- [Your instructions] Output each record exactly, excluding pictures.

- [Information]
Start of Block

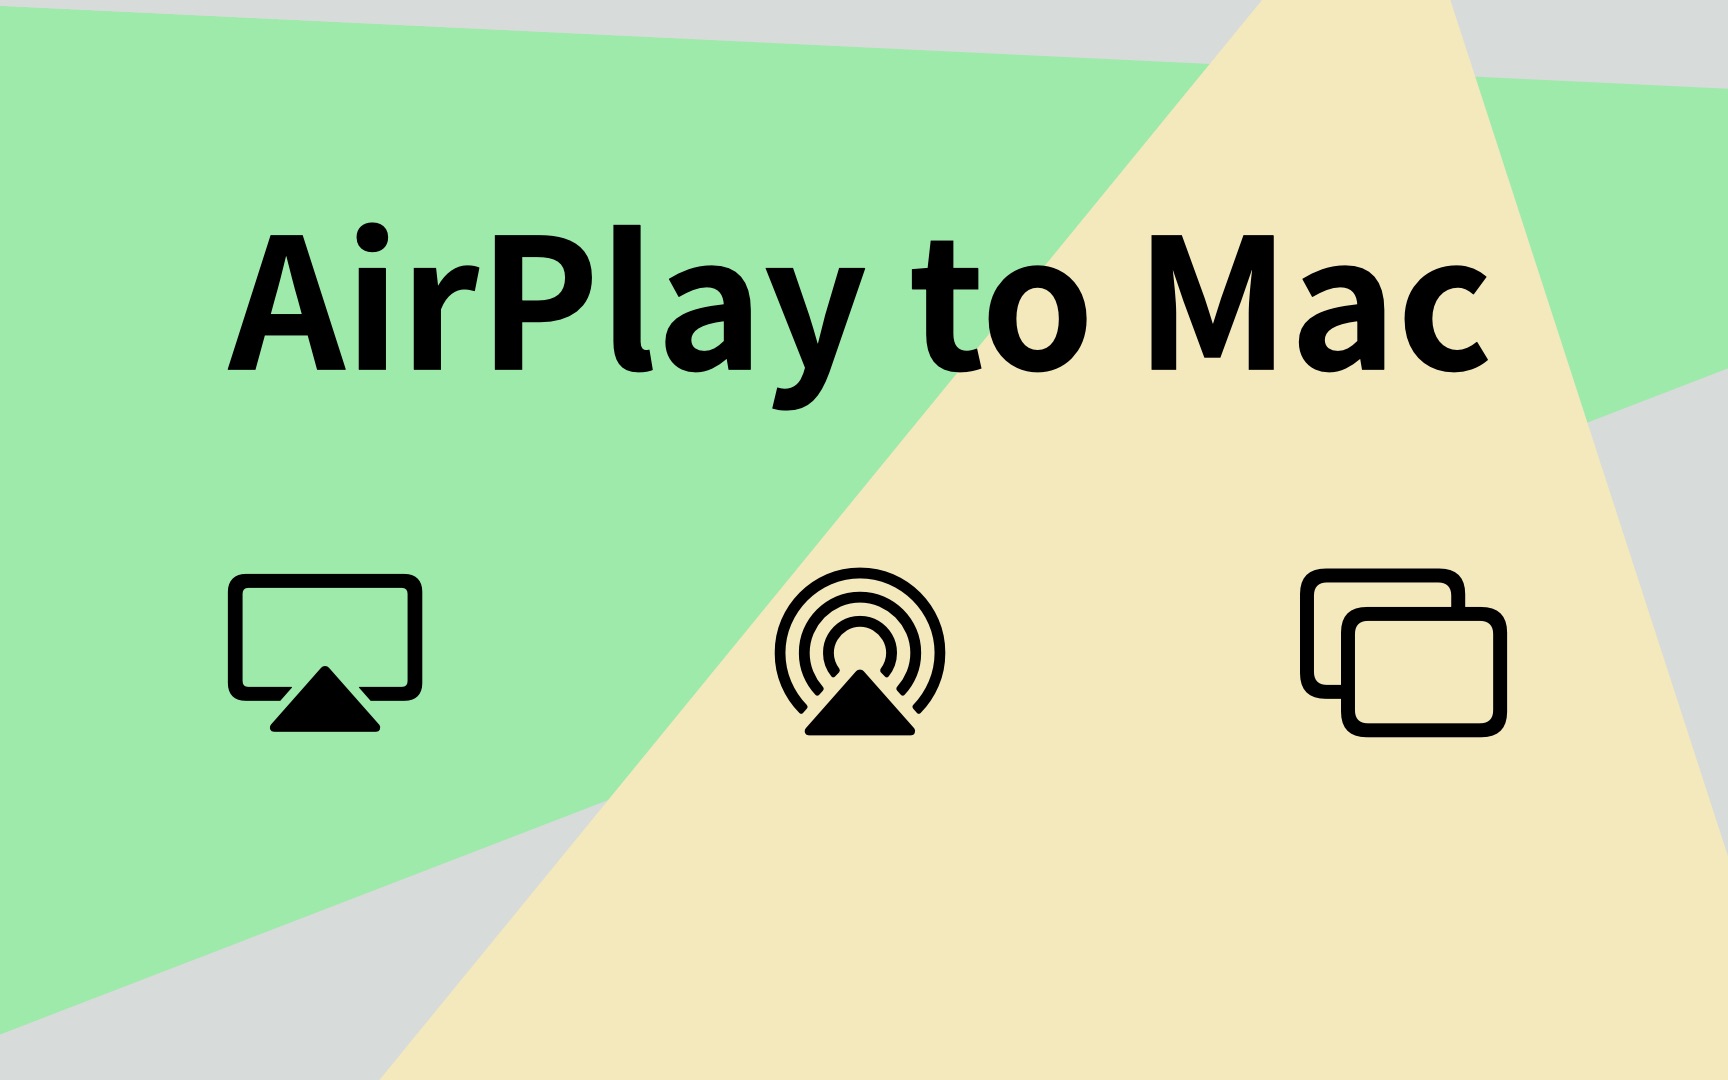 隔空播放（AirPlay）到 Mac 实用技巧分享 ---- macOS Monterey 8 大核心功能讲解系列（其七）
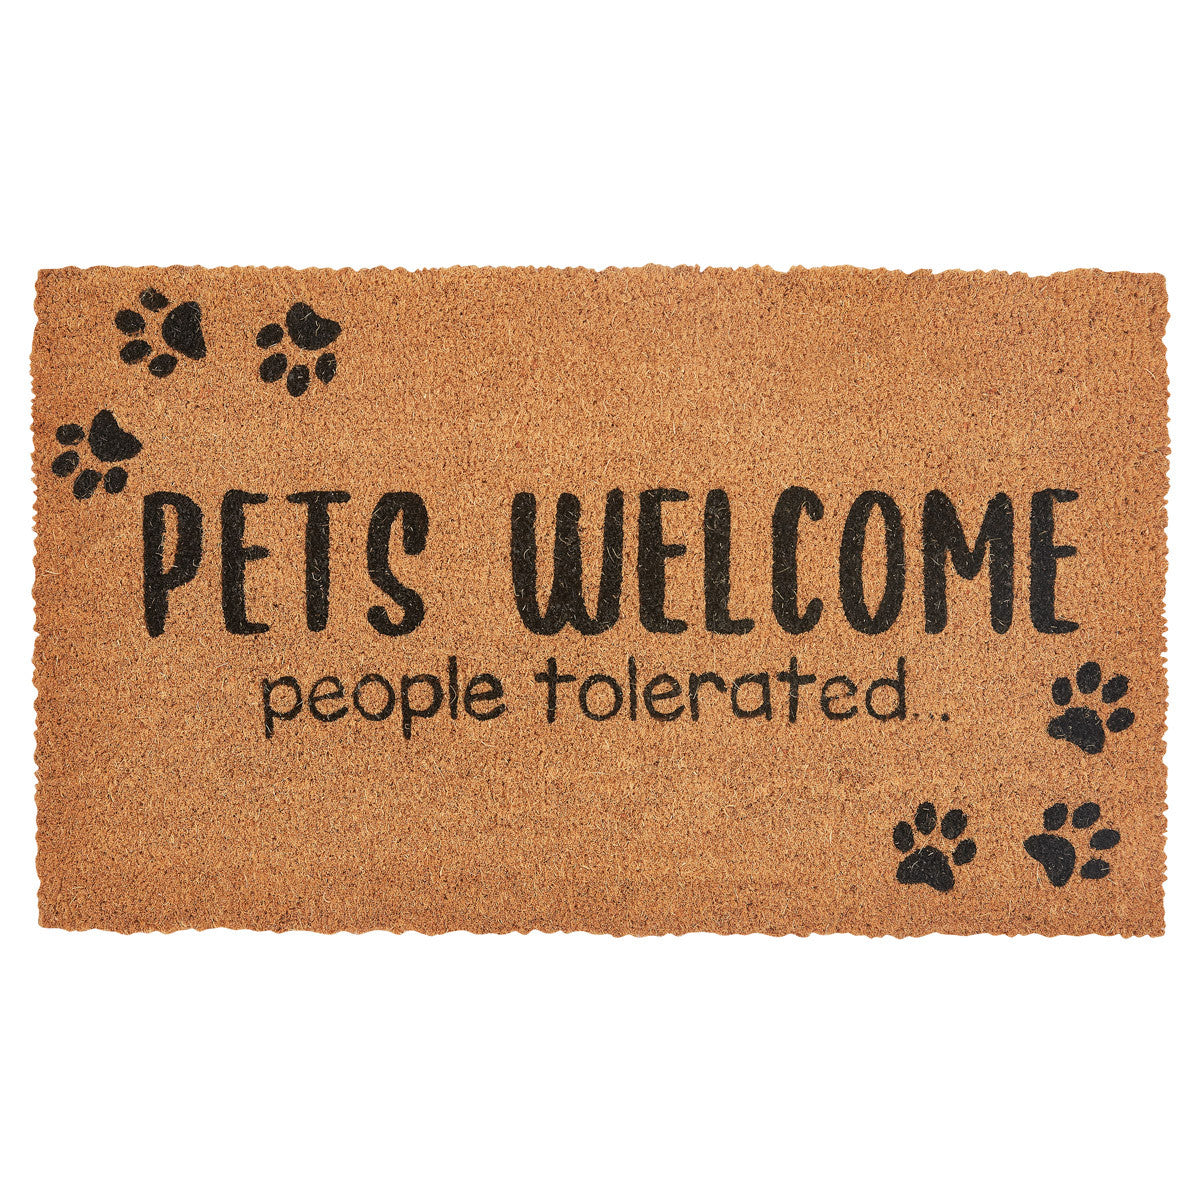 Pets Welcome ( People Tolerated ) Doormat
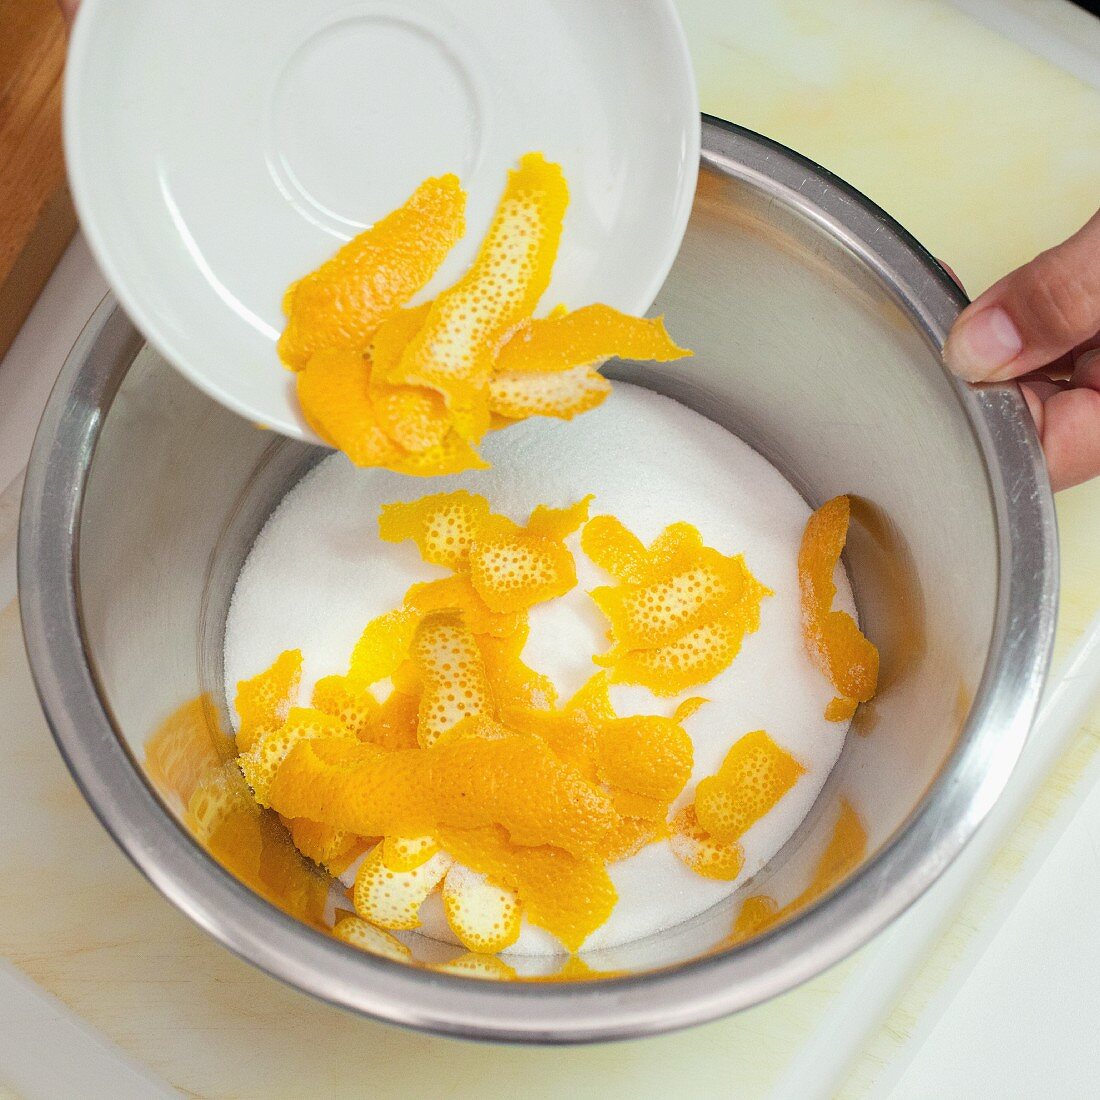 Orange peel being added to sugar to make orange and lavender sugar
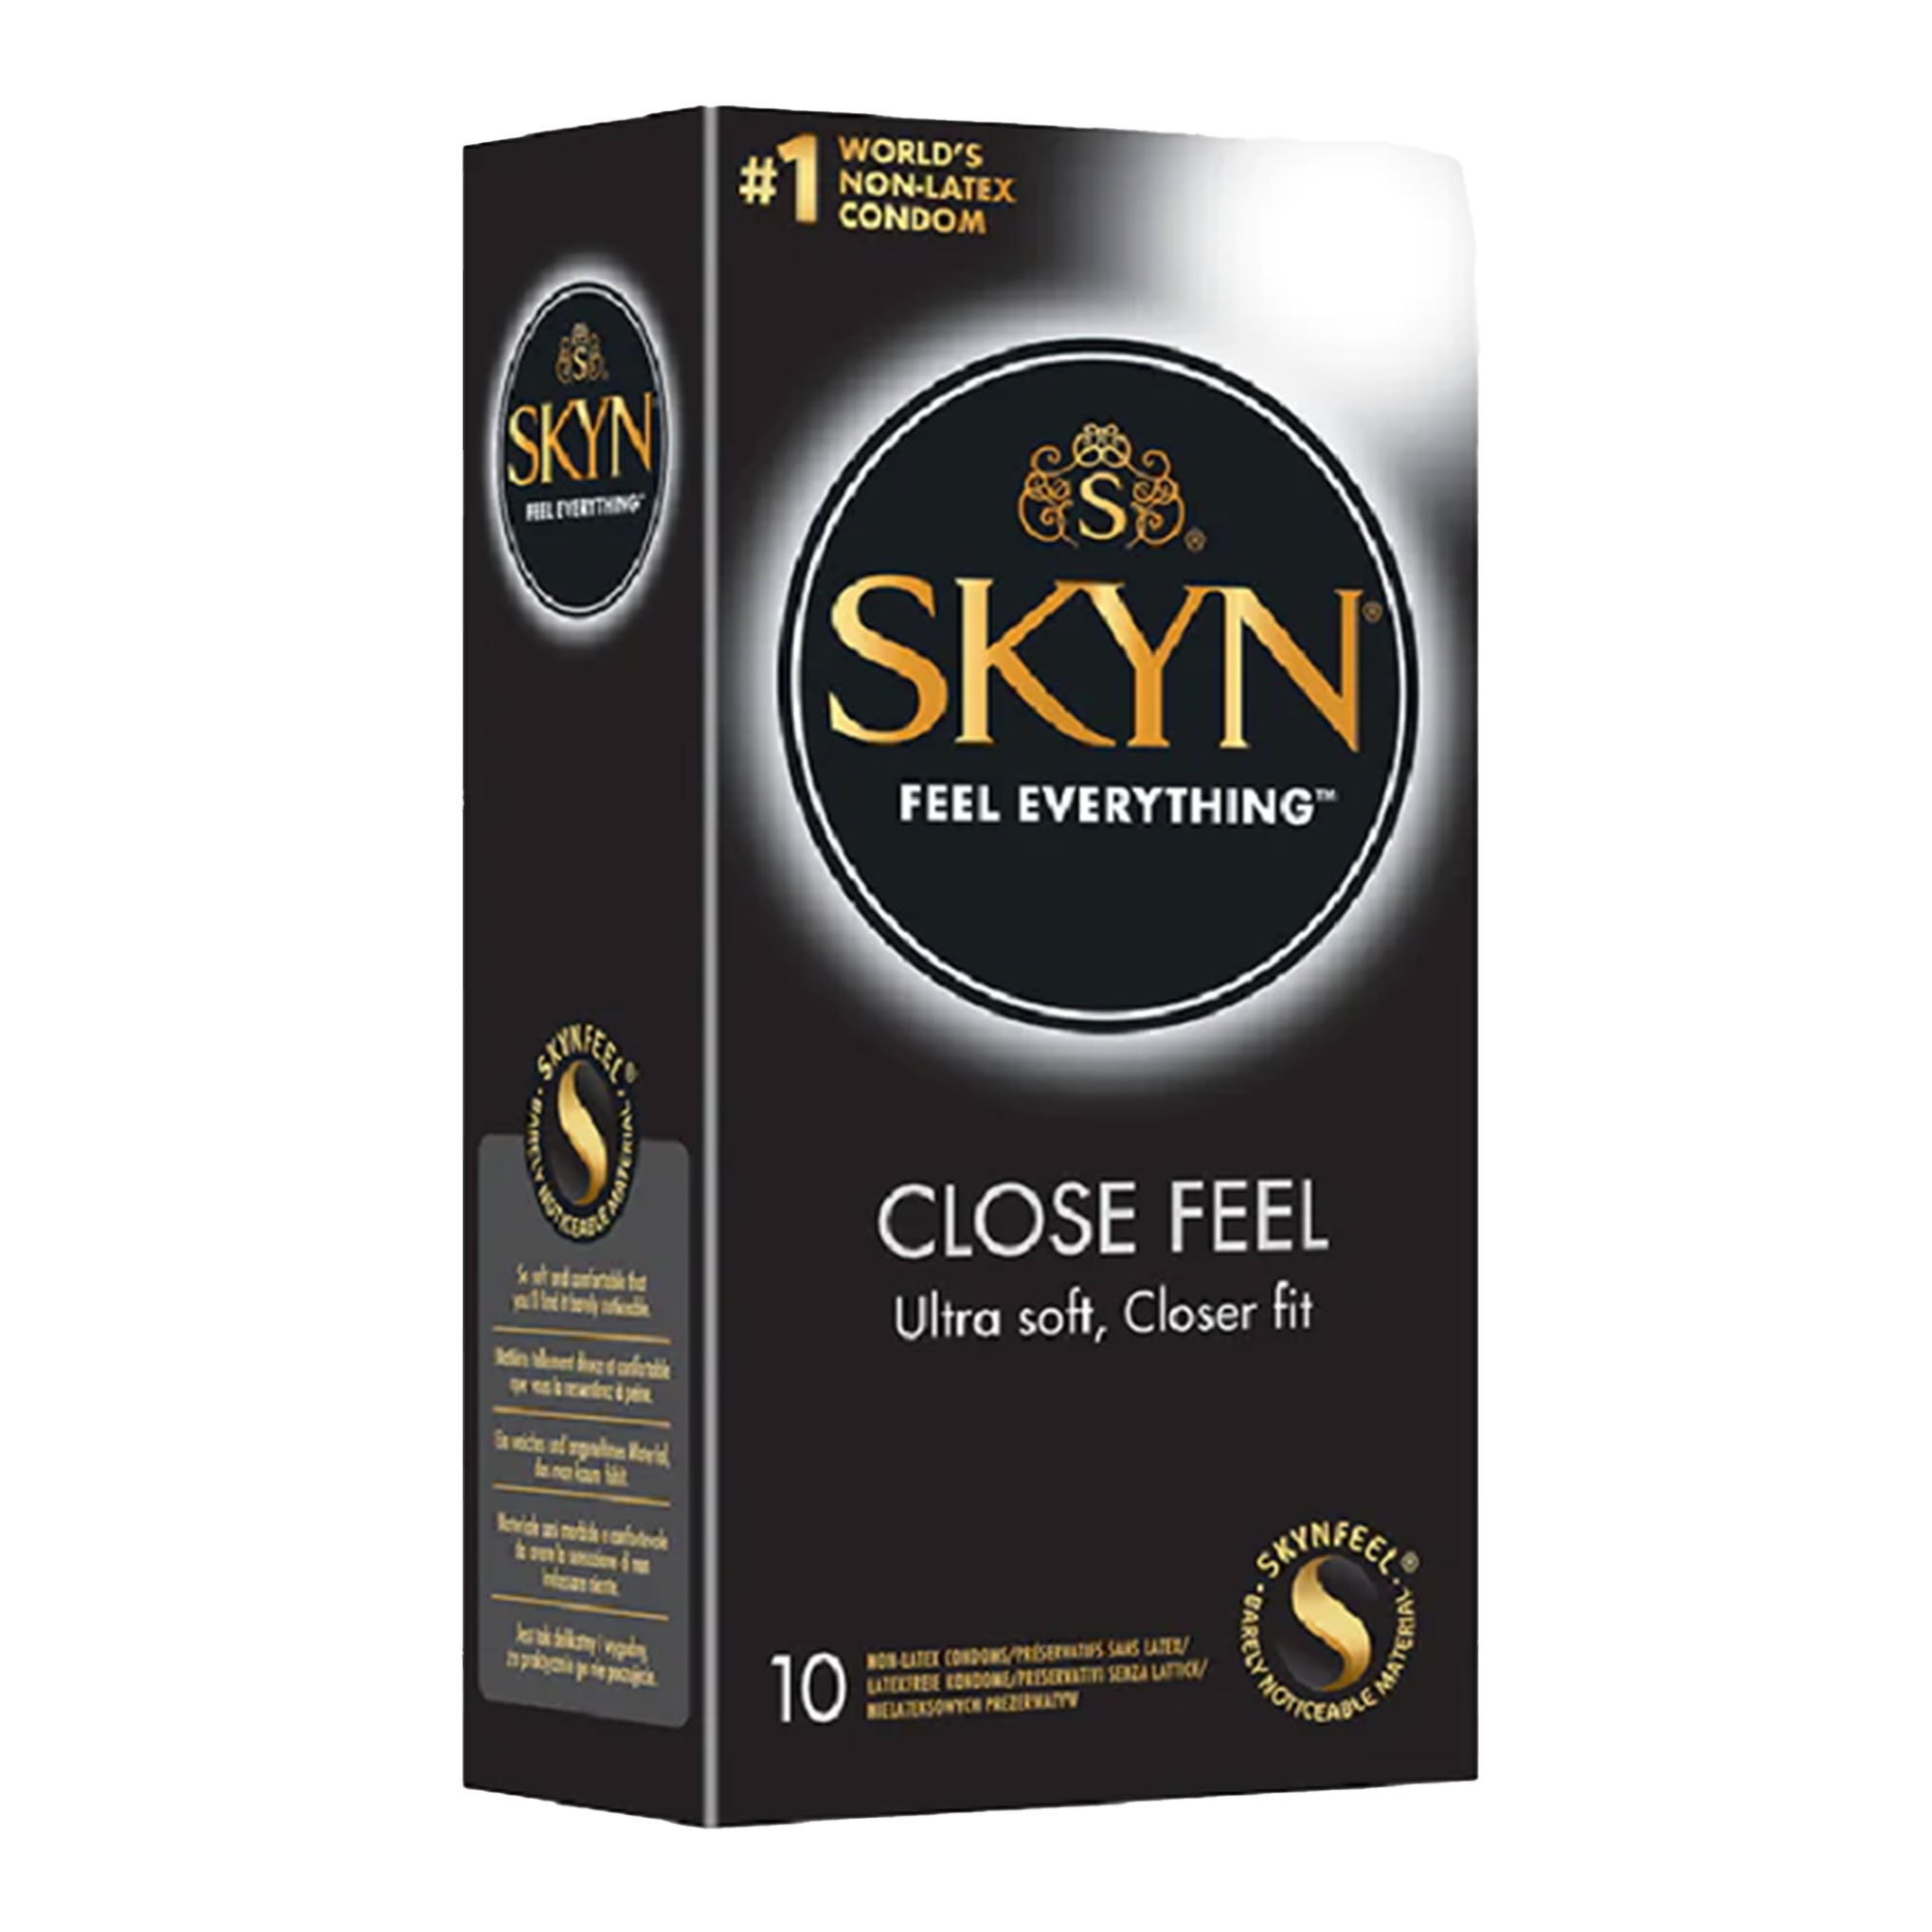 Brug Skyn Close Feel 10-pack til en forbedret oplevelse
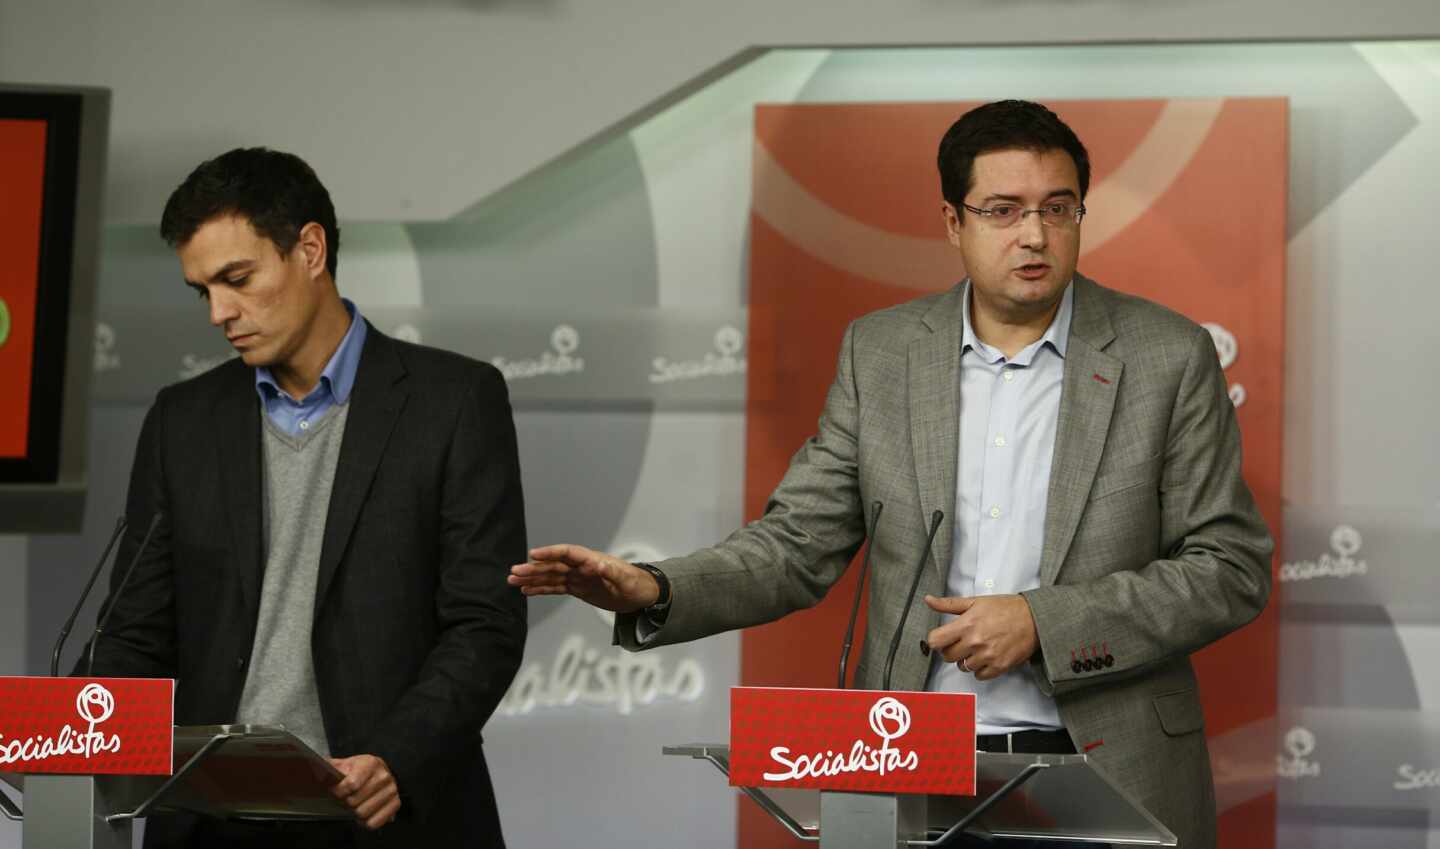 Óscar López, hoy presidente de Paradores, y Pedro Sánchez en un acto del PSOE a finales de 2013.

End of Block

- [Your solution]
 隔空播放（AirPlay）到 Mac 实用技巧分享 ---- macOS Monterey 8 大核心功能讲解系列（其七）
 Pets Welcome ( People Tolerated ) Doormat
 Orange peel being added to sugar to make orange and lavender sugar
 Brug Skyn Close Feel 10-pack til en forbedret oplevelse
 Óscar López, hoy presidente de Paradores, y Pedro Sánchez en un acto del PSOE a finales de 2013.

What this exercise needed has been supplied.